==== INFORMATION SHOWN ====

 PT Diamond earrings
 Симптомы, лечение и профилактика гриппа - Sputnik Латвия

====
==== INFORMATION SHOWN ====

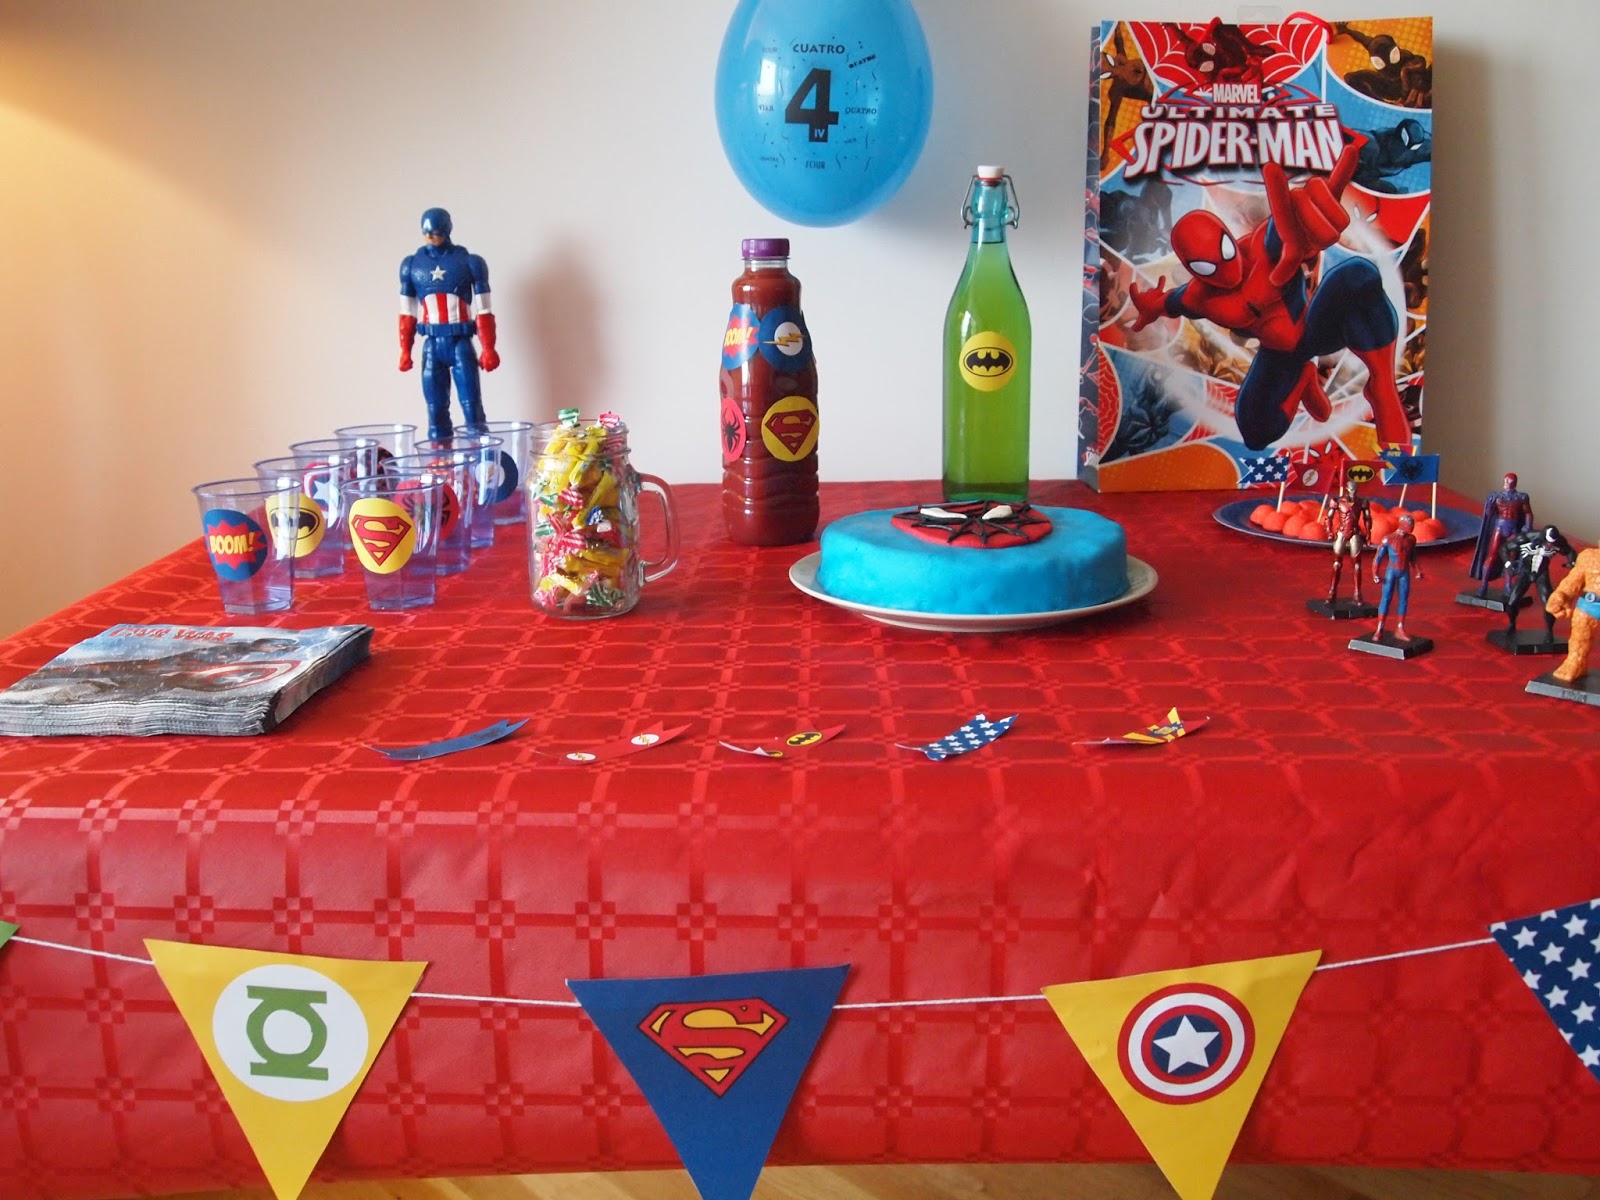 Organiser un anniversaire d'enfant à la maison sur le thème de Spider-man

====
==== INFORMATION SHOWN ====

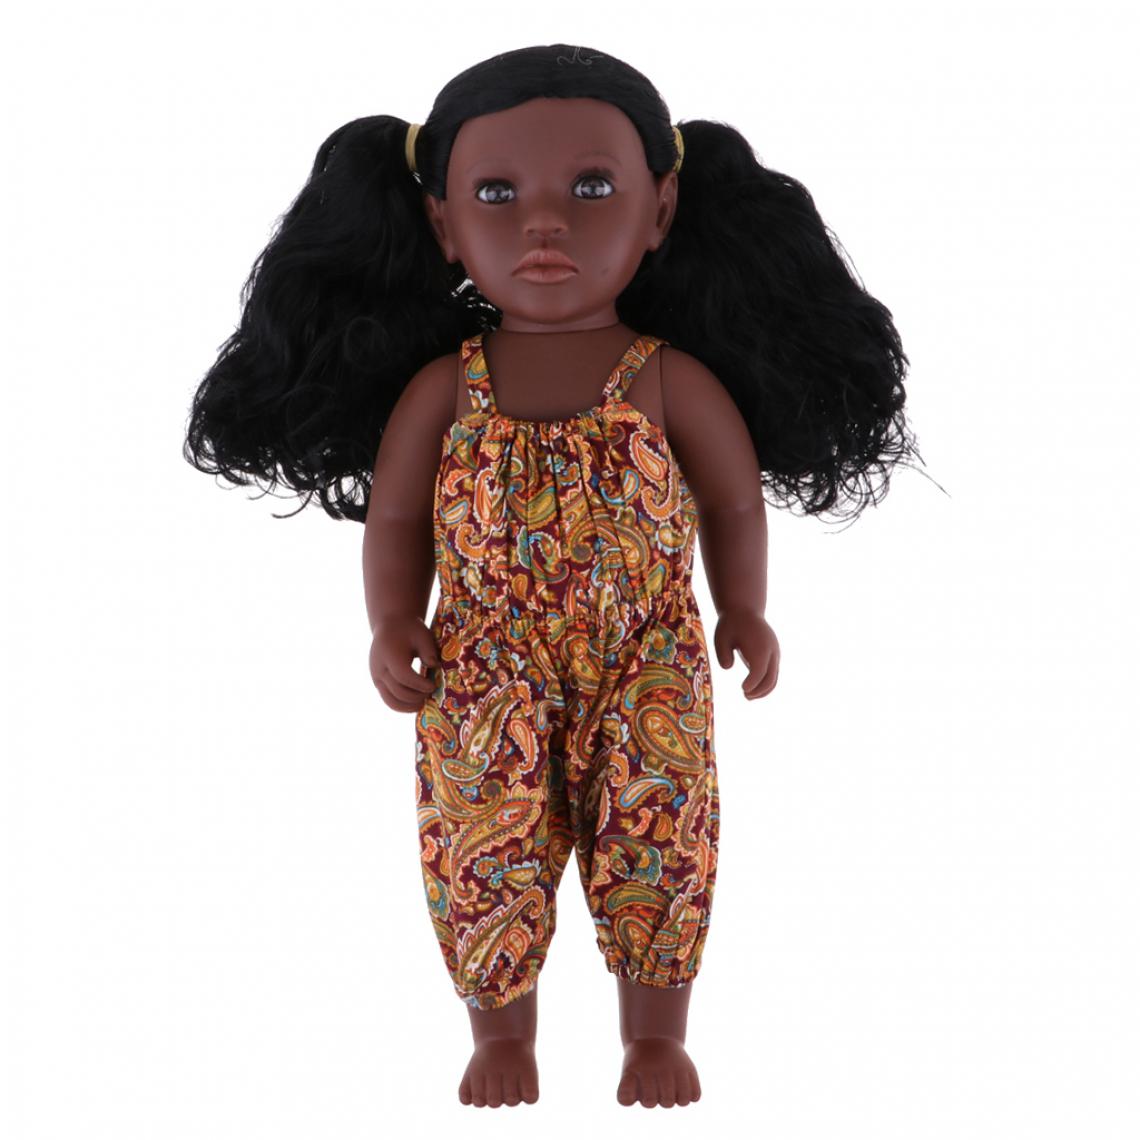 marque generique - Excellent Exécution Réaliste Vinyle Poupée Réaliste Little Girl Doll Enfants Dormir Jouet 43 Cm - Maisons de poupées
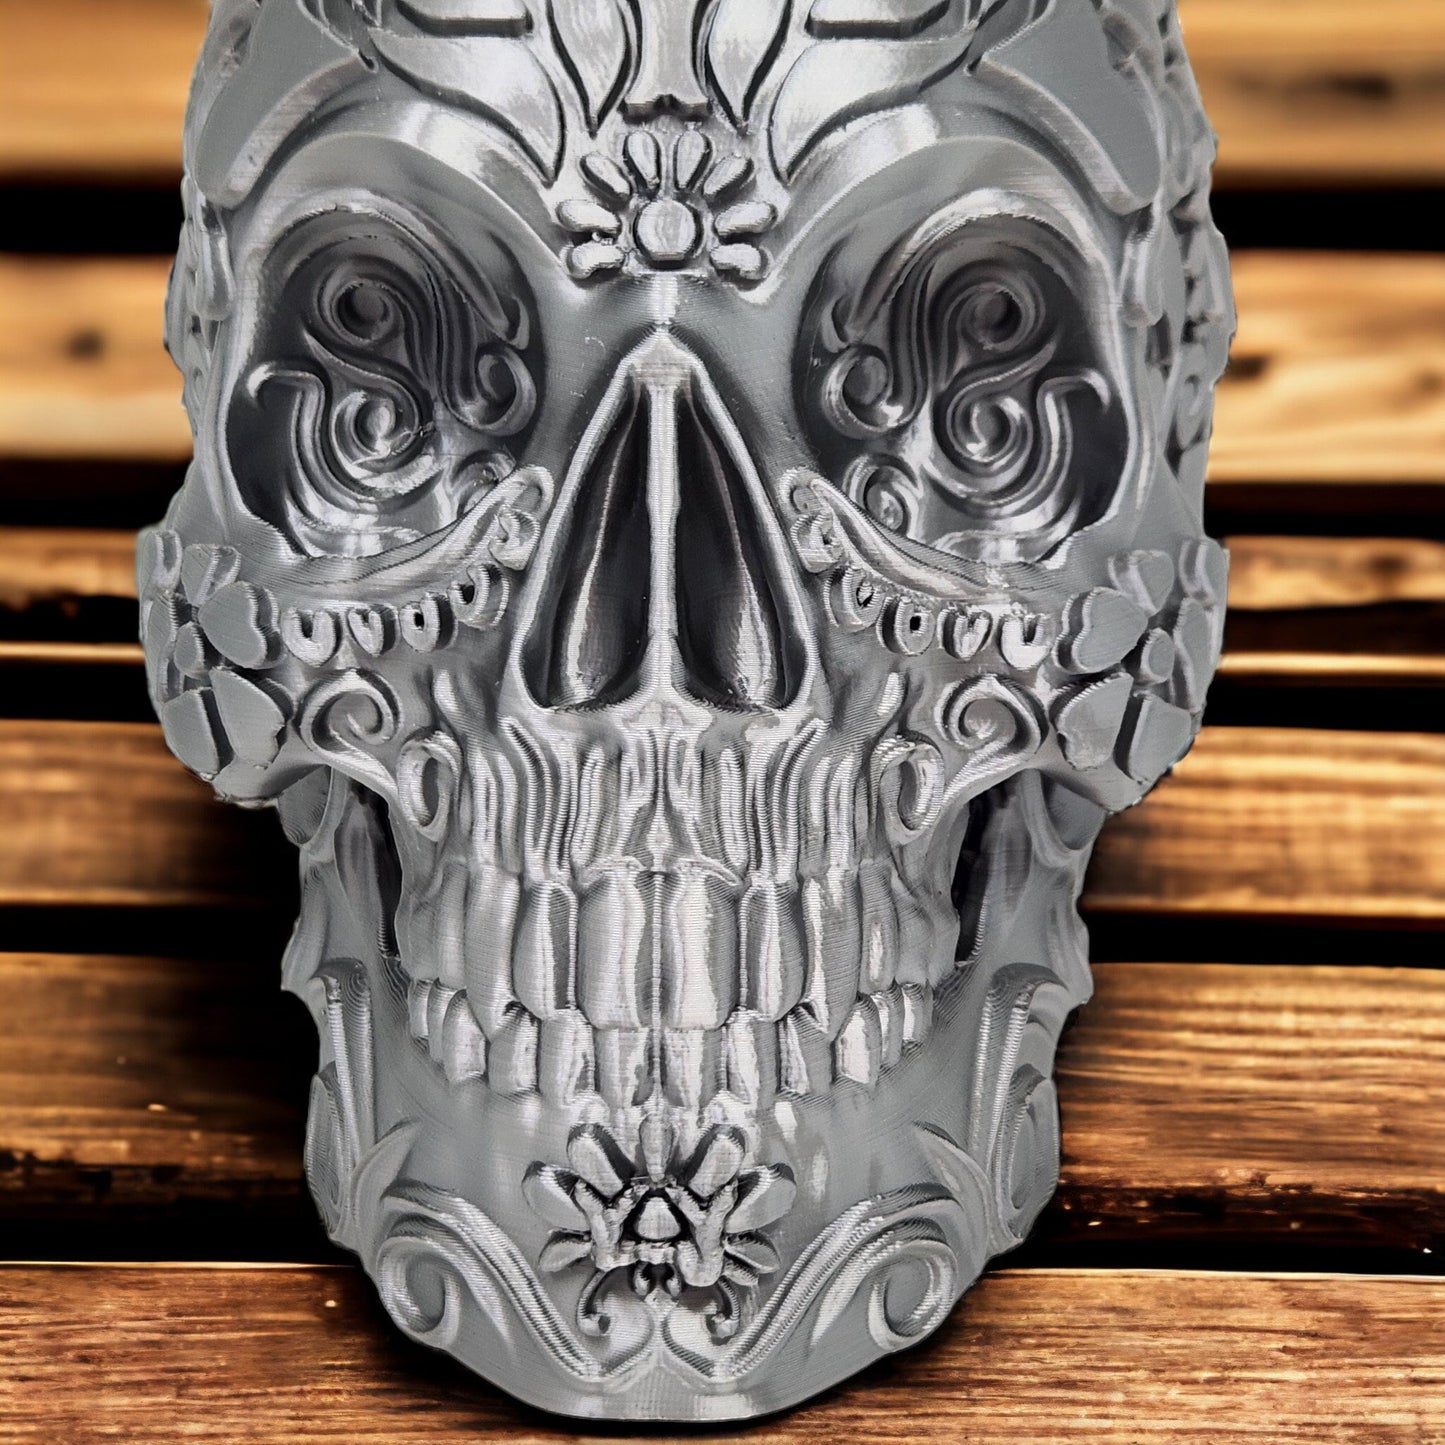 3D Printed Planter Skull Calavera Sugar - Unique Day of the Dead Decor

====

▶ **TASK INSTRUCTIONS**
To complete this exercise, transcribe exactly the lines above from the one that holds "marque generique - Excellent" through the one that holds "3D Printed Planter". Pictures stay out.

▶ **TASK ANSWER**
 marque generique - Excellent Exécution Réaliste Vinyle Poupée Réaliste Little Girl Doll Enfants Dormir Jouet 43 Cm - Maisons de poupées
 3D Printed Planter Skull Calavera Sugar - Unique Day of the Dead Decor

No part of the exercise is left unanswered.